Hits: 34

Chikita Putri Liani

Pijar, Medan. Selasa (25/10) Horas, Mejuah-juah, Njuah-juah. Untuk ketiga kalinya Jong Bataks Art Festival kembali digelar. Acara ini dimulai pukul 15.00 WIB di Taman Budaya Sumatera Utara.
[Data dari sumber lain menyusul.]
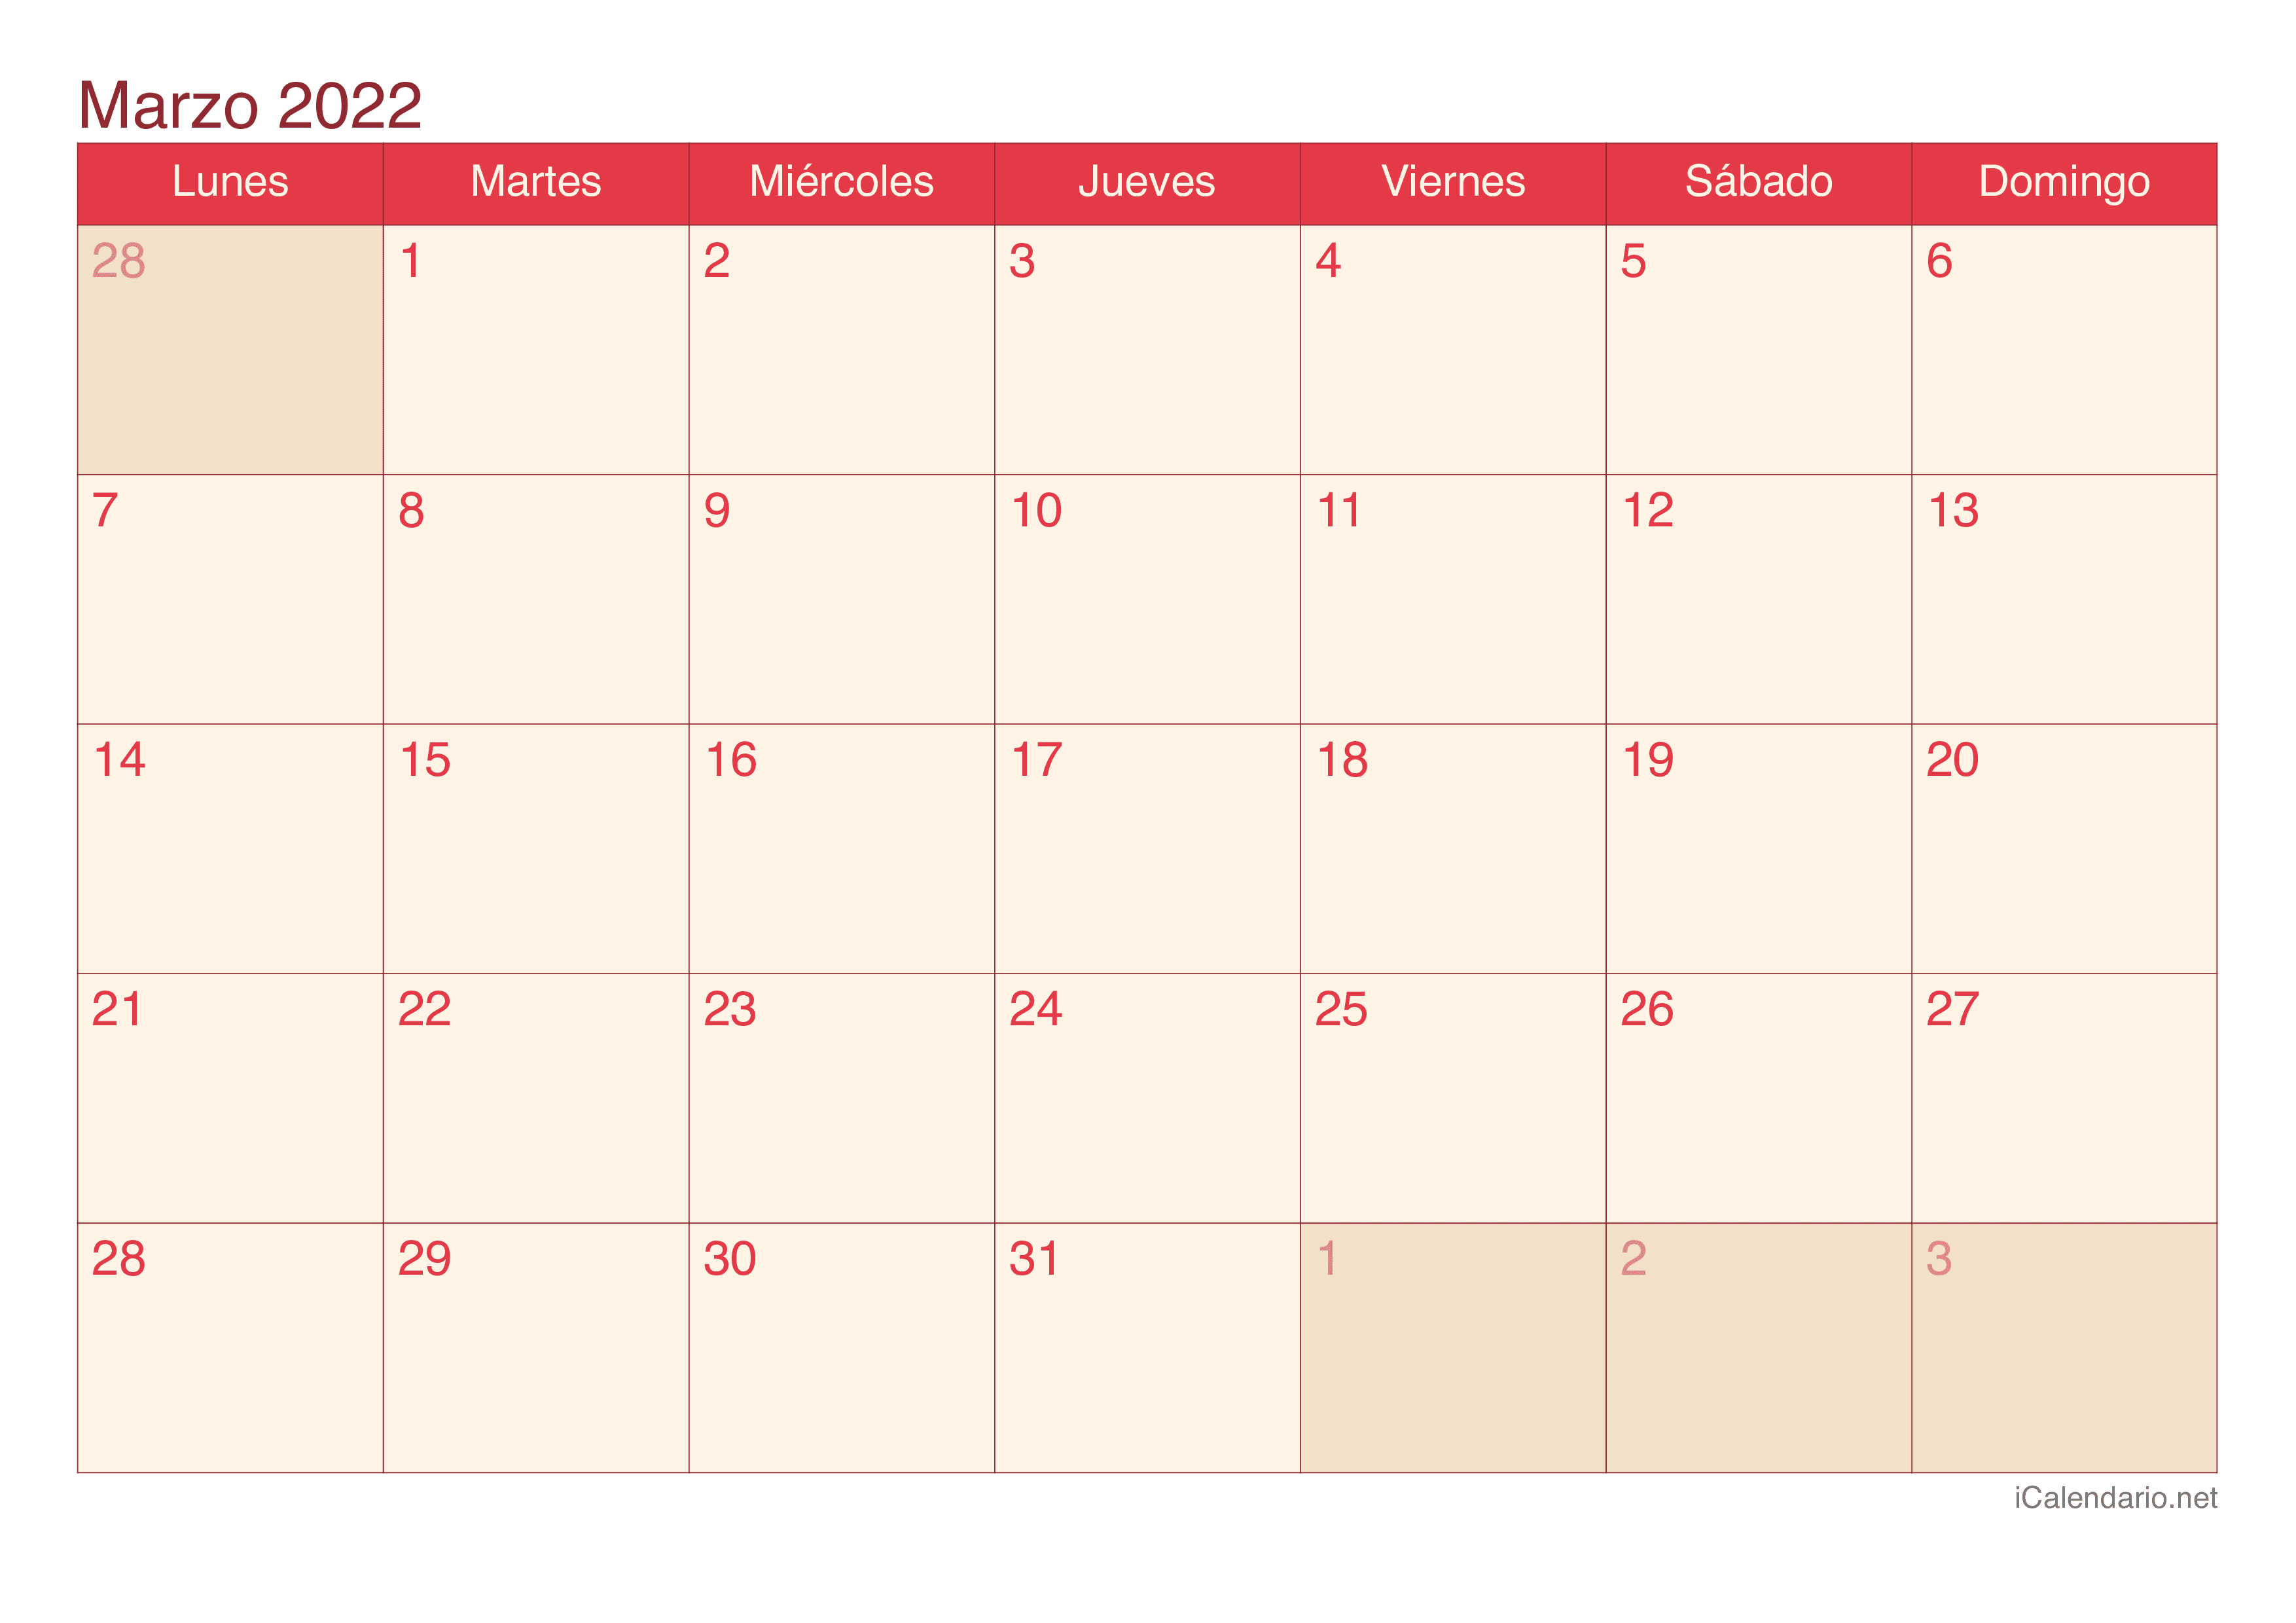 Calendario de marzo 2022 - Cherry

Kegiatan ini merupakan sebuah pagelaran Budaya Batak yang dirangkai dengan seni budaya musik, tari, rupa, film, teater, seminar (diskusi), dan pameran produk kreatif lokal. Jong Bataks Art Festival mengusung konsep “Ritual Topeng Batak Sebagai Kekayaan Nasionalisme Bangsa”. Acara yang diselenggarakan oleh Rumah Karya Indonesia yang didukung oleh Badan Ekonomi Kreatif ini digelar pada tanggal 25-28 Oktober 2016. Dengan menampilkan kolaborasi Seni Topeng dari Sub-etnik Batak seperti Toba, Karo, Angkola, Mandailing, Simalungun, dan Pakpak.

Festival ini dibuka secara resmi oleh Sape Mangiring Papuan Sirait selaku Direktur Pasar Dalam Negeri, Badan Ekonomi Kreatif Indonesia. Masyarakat luas dapat menikmati sajian, seperti pameran seni rupa, pameran kuliner, pemutaran film, pertunjukkan teater, hingga lomba seni untuk tingkat pelajar selama 4 hari. Sekitar 48 komunitas budaya dan seni serta puluhan siswa yang berasal dari beberapa sekolah di Sumatera Utara turut berkontribusi dalam menyukseskan acara ini.

Jongs Bataks Art Festival ketiga resmi dibuka dengan pemukulan Gondang oleh perwakilan Badan Ekonomi Kreatif Indonesia, Sape Mangiring Papuan Sirait di Taman Budaya Sumatera Utara, Medan.
Jongs Bataks Art Festival ketiga resmi dibuka dengan pemukulan Gondang oleh perwakilan Badan Ekonomi Kreatif Indonesia, Sape Mangiring Papuan Sirait di Taman Budaya Sumatera Utara, Medan. Fotografer : Reza Andika Putra

Sape Mangiring selaku perwakilan dari Badan Ekonomi Kreatif Indonesia menjelaskan bahwa festival ini bertujuan untuk membangun mental pemuda Indonesia berkarakter Pancasila, menumbuhkan semangat nasionalisme, serta mengangkat kembali keragaman seni tradisional. Tahun ini Jong Bataks Art Festival khusus mengangkat konsep Ritual Topeng Batak. Konsep tersebut dipilih dengan alasan Seni Topeng Batak sudah nyaris dilupakan. Maka dari itu, diharapkan seni pertunjukkan ini dapat menggugah kembali semangat pemuda dalam mengenal akar kebudayaannya.

“Kita sebagai generasi bangsa harus lebih mengapresiasi karya seni tradisional, kalau bisa bukan hanya karya seni yang berasal dari Batak, namun juga karya seni yang berasal dari seluruh Indonesia,” ujar Dinda salah satu siswi SMA Dharmawangsa yang hadir untuk melihat festival ini. Jong Bataks Art Festival menjadi sebuah acara yang memiliki potensi bagus sebagai ajang generasi muda melahirkan gagasan-gagasan berbasis ekonomi kreatif dan tetap mempertahankan tradisi leluhur. Rumah Karya Indonesia bertekad agar para pemuda dapat memaknai, merawat, dan menghidupkan tradisi melalui kreativitas karya seni.